[Items listed in a dataset]
>>>

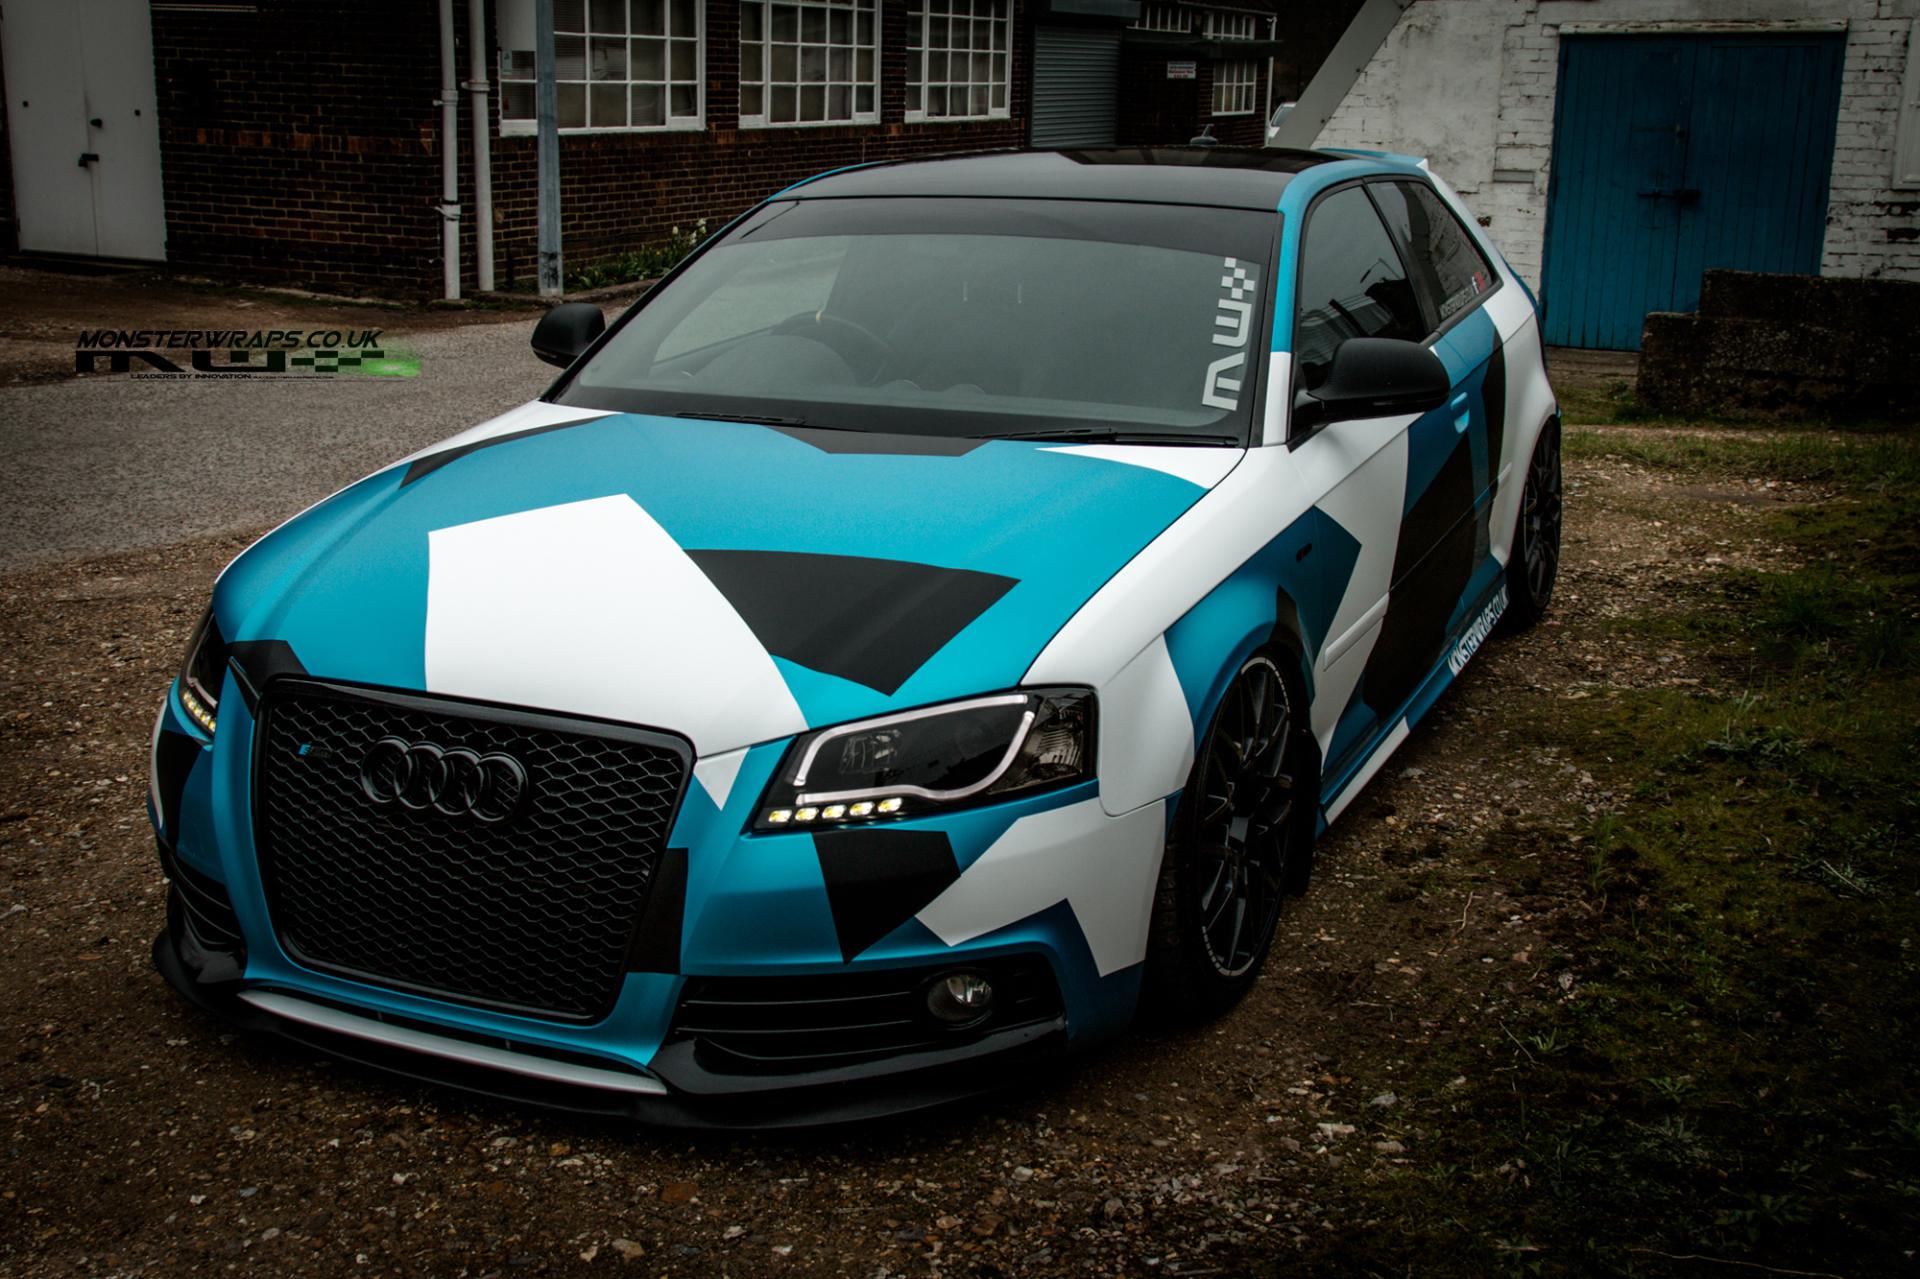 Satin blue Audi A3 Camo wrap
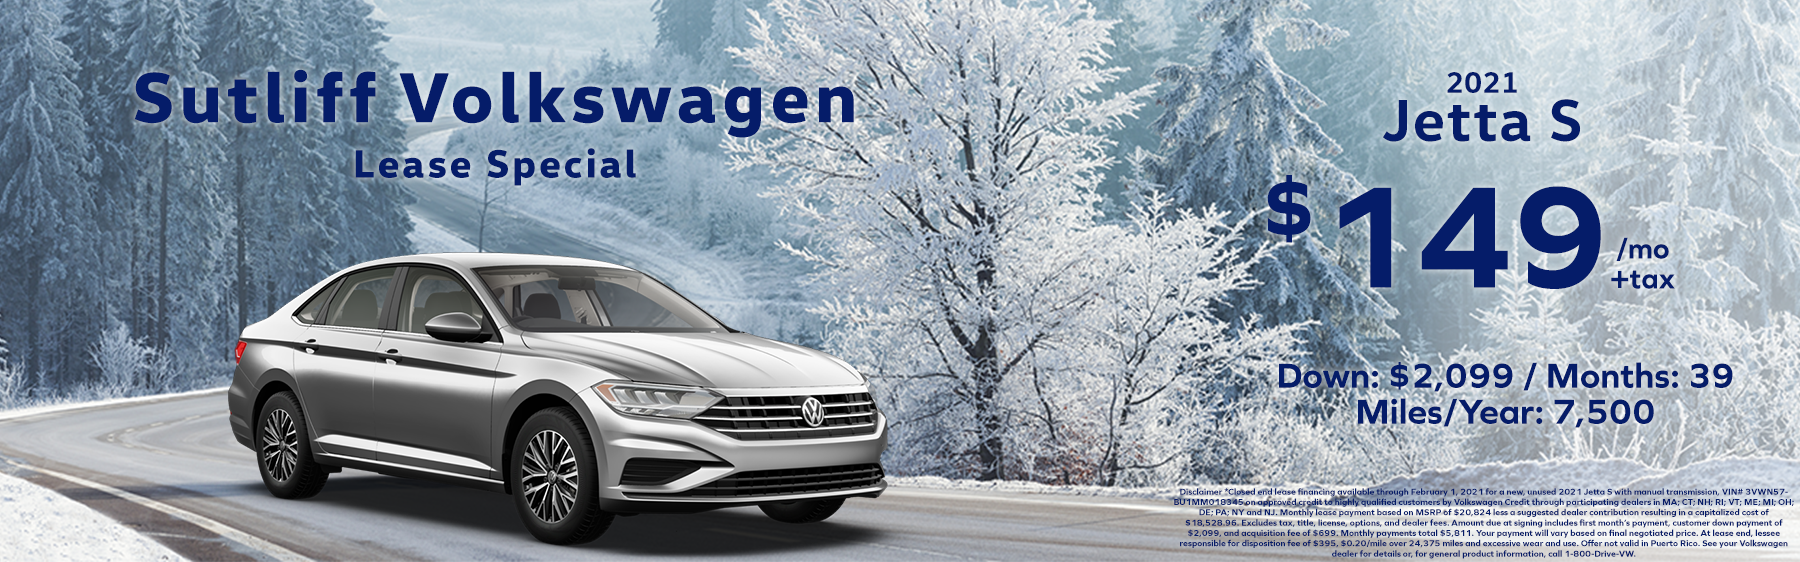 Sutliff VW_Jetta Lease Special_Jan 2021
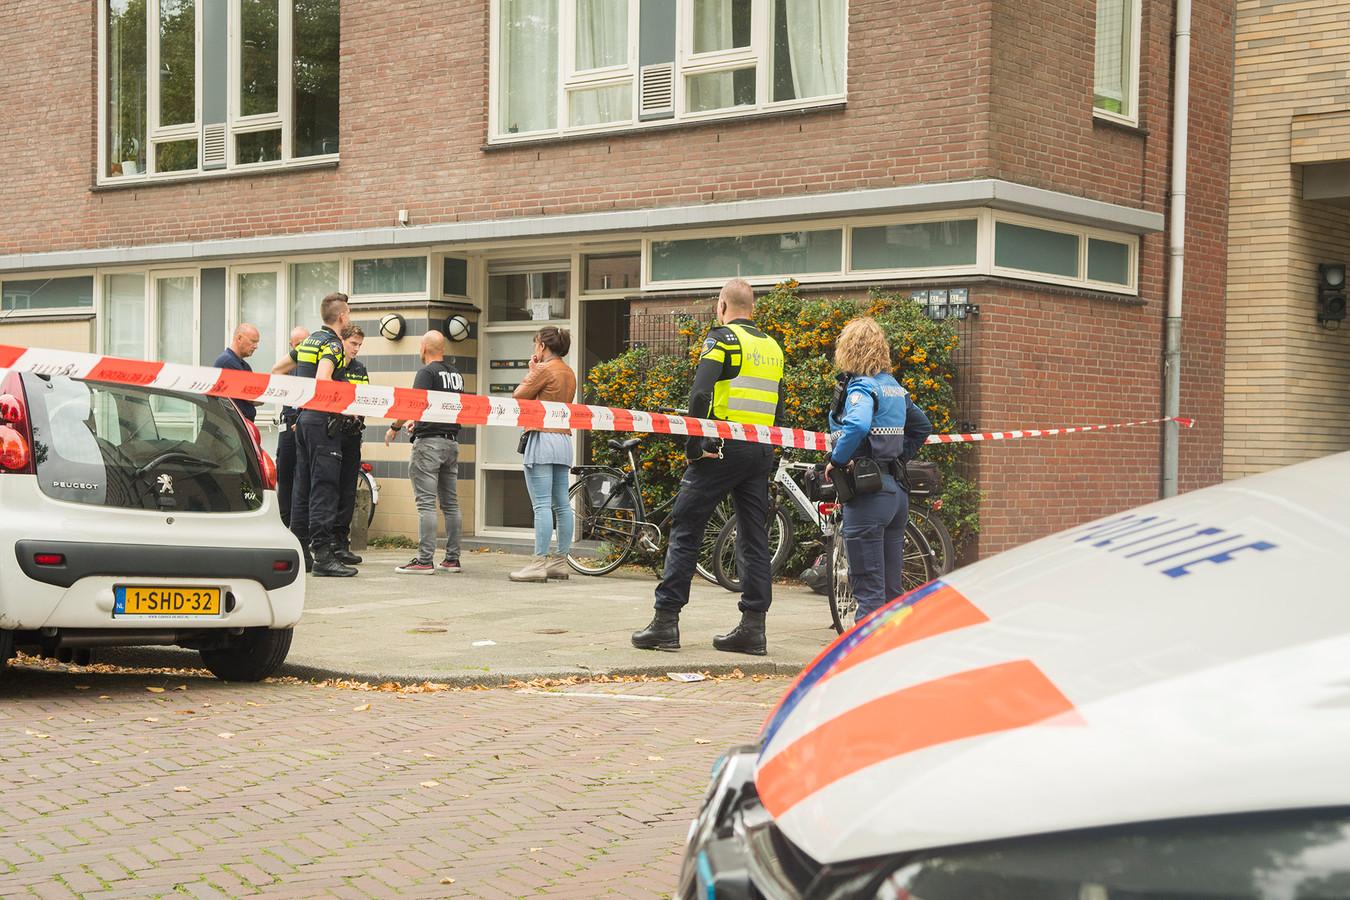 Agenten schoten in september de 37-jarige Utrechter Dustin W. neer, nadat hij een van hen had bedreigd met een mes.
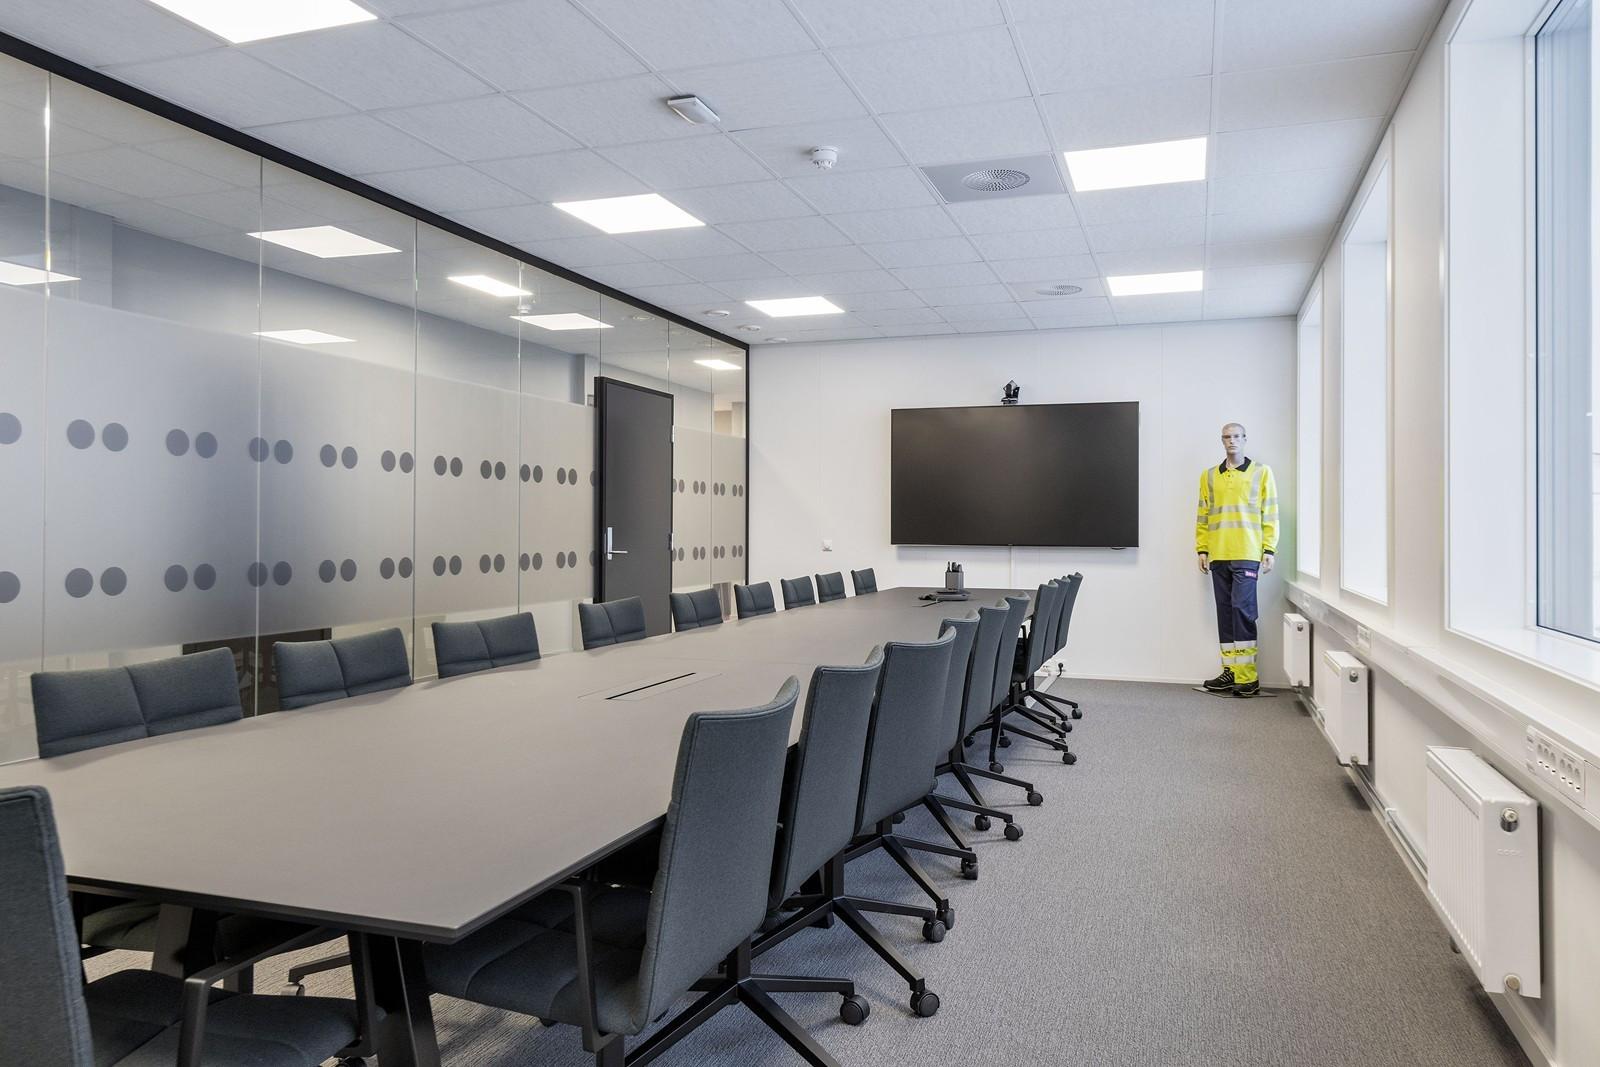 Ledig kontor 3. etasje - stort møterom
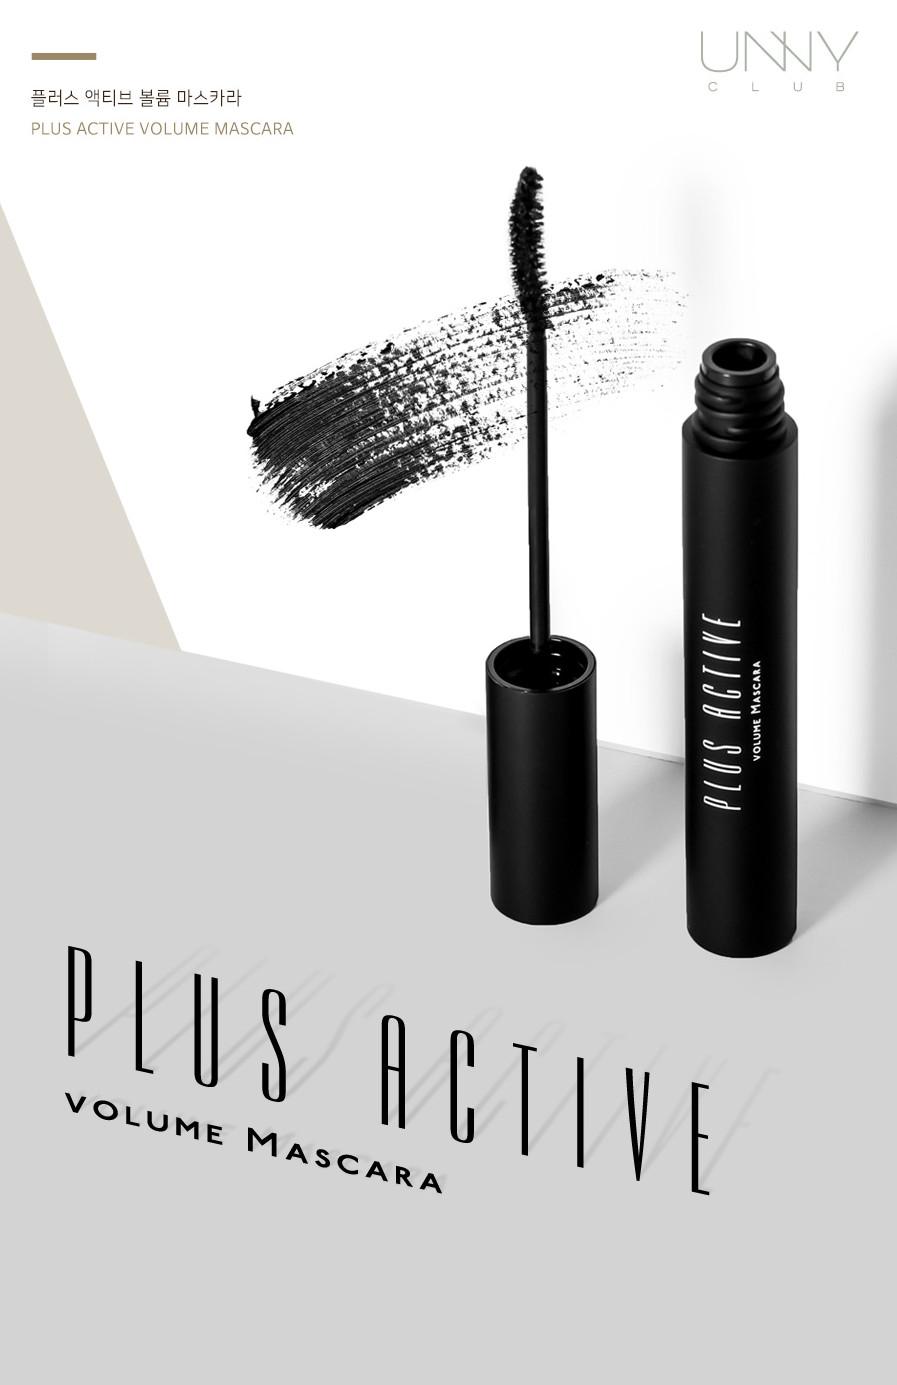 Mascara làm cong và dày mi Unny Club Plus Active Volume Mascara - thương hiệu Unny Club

<<<

■ **ASSIGNMENT**: Would you repeat the entries exactly, but with no pictures?

■ **RESPONSE**:
 Satin blue Audi A3 Camo wrap
 Sutliff VW_Jetta Lease Special_Jan 2021
 Agenten schoten in september de 37-jarige Utrechter Dustin W. neer, nadat hij een van hen had bedreigd met een mes.
 Ledig kontor 3. etasje - stort møterom
 Mascara làm cong và dày mi Unny Club Plus Active Volume Mascara - thương hiệu Unny Club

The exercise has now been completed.